This extension provide the ability to interact with HashiCorp Vault.
Vault Interaction
This extension provide the ability to interact with HashiCorp Vault.
Authentication methods available
AppRole
Azure
Client Token
LDAP
Radius
Username & Password
Utilities
Vault - Read KV secrets
Provide the ability to read KV secrets from HashiCorp Vault and load them into variables.
Note
The field « Secret path » have to ends with a « / » if you want to discover secrets across current folder and his subfolders.
See Use case 2.
In discovery mode if the « Prefix type » is set to « None » or « Custom » and you have secrets with the same name in different folder the last value read will be set in the variable (erasing previus values).
Examples
For the examples the following folder structure is created.
« ALM » is a KV v2 engine.
« APP1 » and « APP2 » is two folders containing a subfolder « DEV » and two secret « key_1 » and « key_2 ».
Use case 1
Read secrets from a KV v2 engine called « ALM » located at path « APP1/DEV ».

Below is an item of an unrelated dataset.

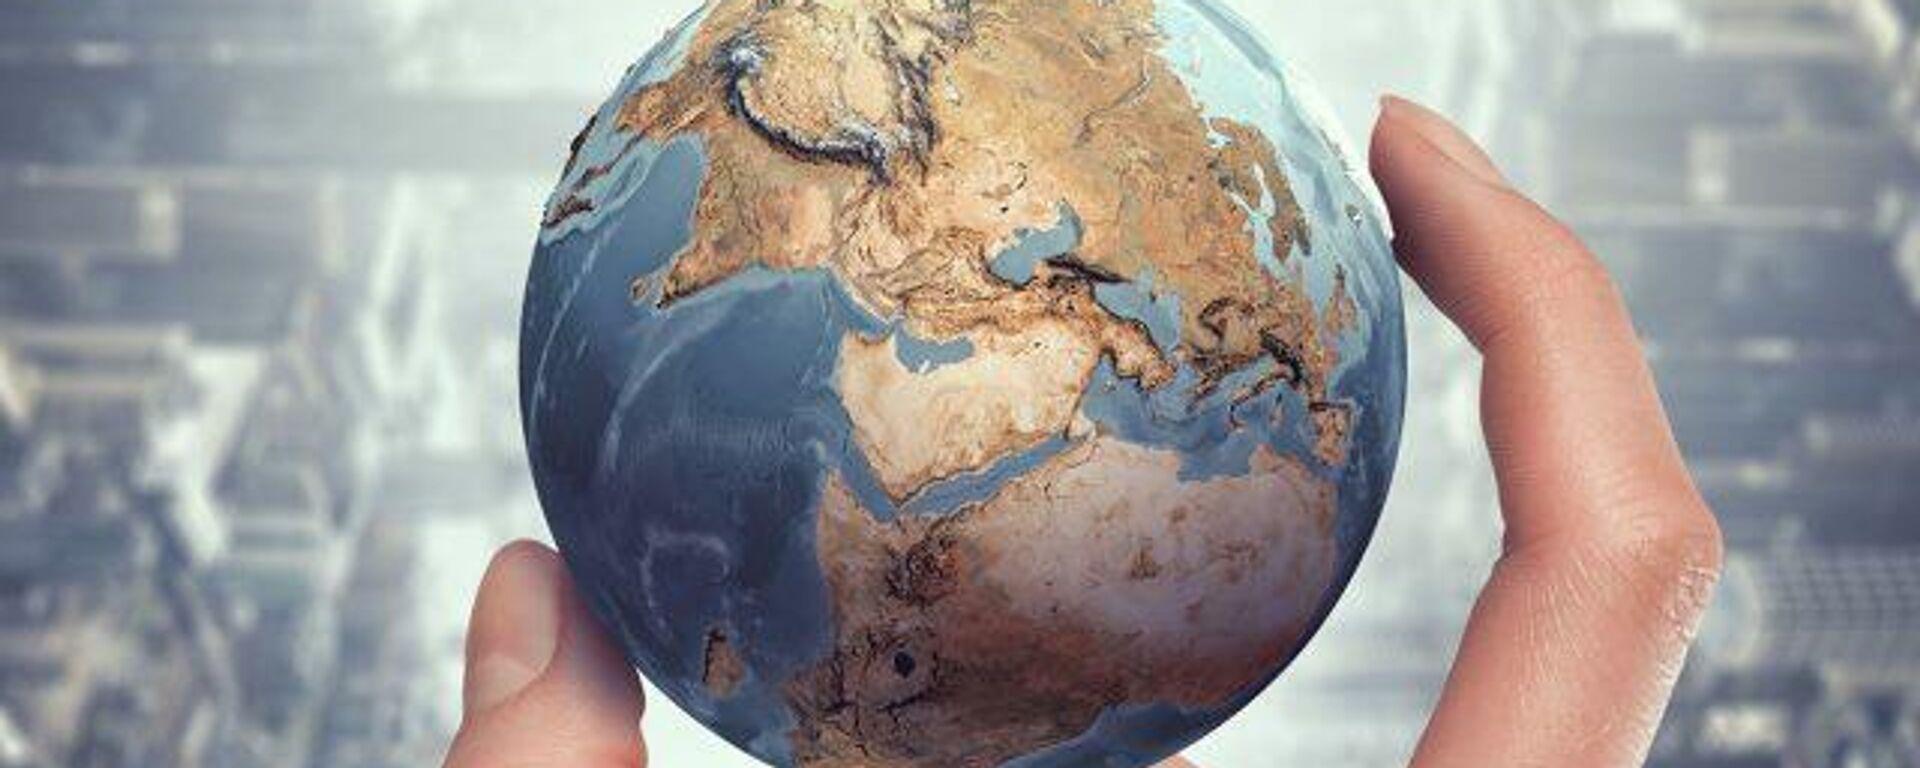 Perú: Castillo y Fujimori, cabeza a cabeza para definir la presidencia de un país dividido - Sputnik Mundo, 1920, 07.06.2021

There is now two variables called « APP1_key_1 » and « APP1_key_2 » that you can used in your next tasks by using $(APP1_key_1) and/or $(APP1_key_2).
Use case 2
Read secrets from a KV v2 engine called « ALM » and browse recursively on sub folders.

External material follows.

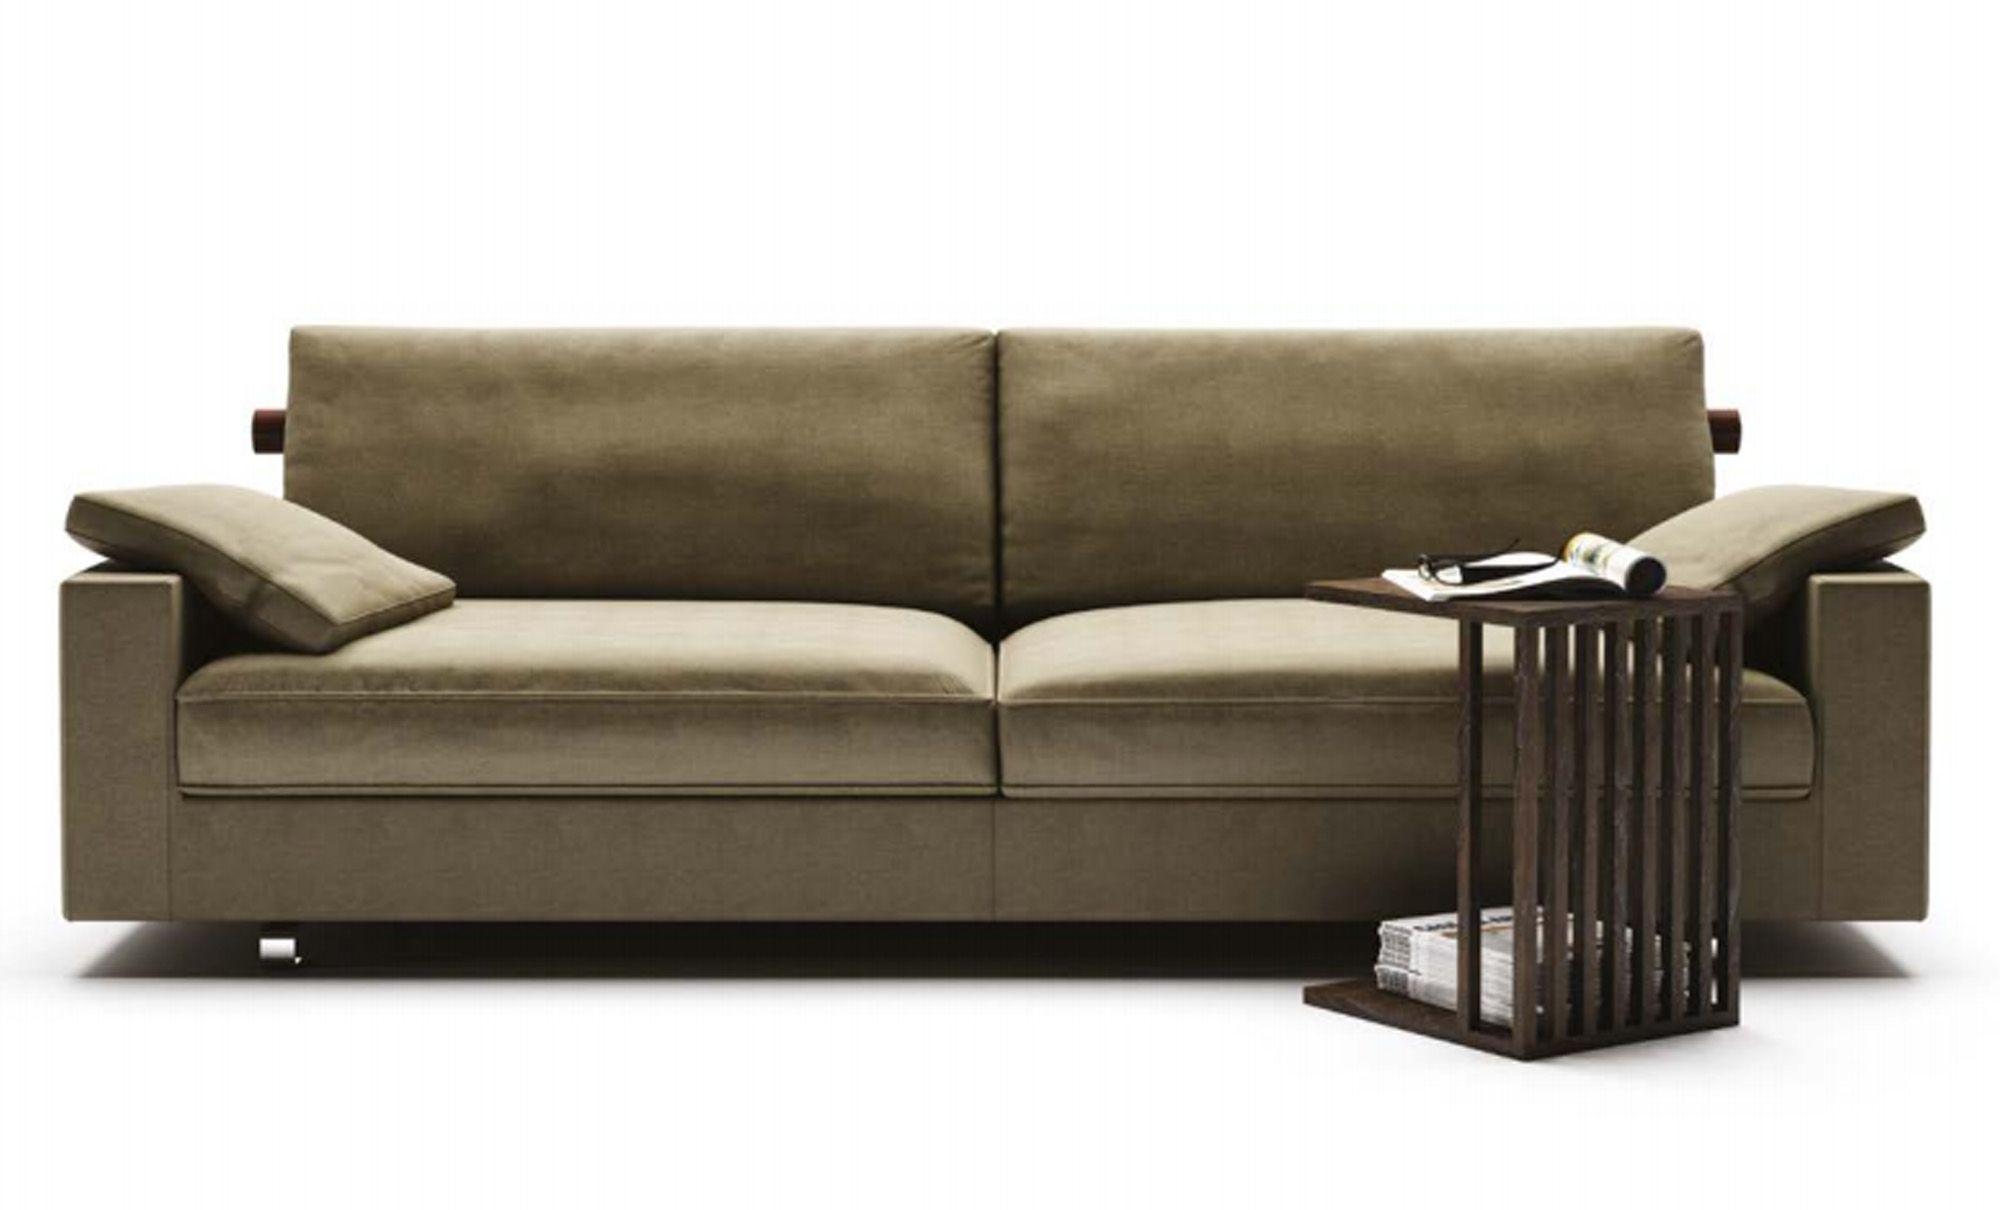 Bemerkenswert Sofa Und Sessel Foto Von Patrik With Flexform Vienna Side Table.

There is now four variables called « APP1_DEV_key_1 », « APP1_DEV_key_2 », « APP2_DEV_key_1 », « APP2_DEV_key_2 » that you can used in your next tasks by using $(APP1_DEV_key_1), $(APP1_DEV_key_2), $(APP2_DEV_key_1), $(APP2_DEV_key_2).
Tool - Create a File
Provide the ability to create a file and perform an action on his content.
Parameters :
Target directory: Directory to save the file.
File name: Name of the file to create (ended by the extension).
File Content: Content of the file.
Encoding: Output file encoding. More defails in NodeJS documentation (Buffers and Character Encodings).
Action to perform: Action to perform on the file content.
Replace token by a new line
Decode from base64
Token to replace: Define the token to replace by a new line.
New line type: The type of the new line.
Carriage Return (CR, \r)
Line Feed (LF, \n)
CR followed by LF (CRLF, \r\n)
Use case 1
A variable loaded by the task « Vault - Read KV secrets » contains a multiline value where the carriage return have been replaced by a token.
This variable is named « $(APP2_DEV_key_3) ». The token is « #{rn}# ».
A file called « myCert.pem » will be created and the token « #{rn}# » will be replaced by a Windows Carriage Return (CRLF).
Use case 2
A variable loaded by the task « Vault - Read KV secrets » contains a base64 encoded value.
This variable is named « $(APP2_DEV_key_4) ».
A file called « myCert.pem » will be created with the content of decoded from base64.
Release note
v4.0.1
Disable proxy when useProxy is none
v4.0.0
Upgrading tasks to Node 10
v3.0.1
Fix bug in token request function.
Improvement of the errors messages.
v3.0.0
Use package axios to perform http/https requests.
Add possibility to define a proxy for requests.
v2.5.0
Add the task « Tool - Create a File ».
v2.4.0
Add possibility to use namespaces (Vault Enterprise).
v2.3.1
Fix Windows carriage return who were replaced twice.
v2.3.0
Add possibility to replace carriage return by a token in secrets having multilines because Azure Devops do not manage multiline secrets.
v2.2.0
Add possibility to set a timeout value when requesting Vault's API.
v2.1.0
Add possibility to change the path of an authentication method.
v2.0.0
The task now can recursively load secrets from a folders and his subfolders. Or just load secrets from a specific path.
v1.1.0
Add Azure authentication method
Add Radius authentication method
Improvement of the errors management
v1.0.0
Read secret from a KV engine (v1 or v2) and load them into variables.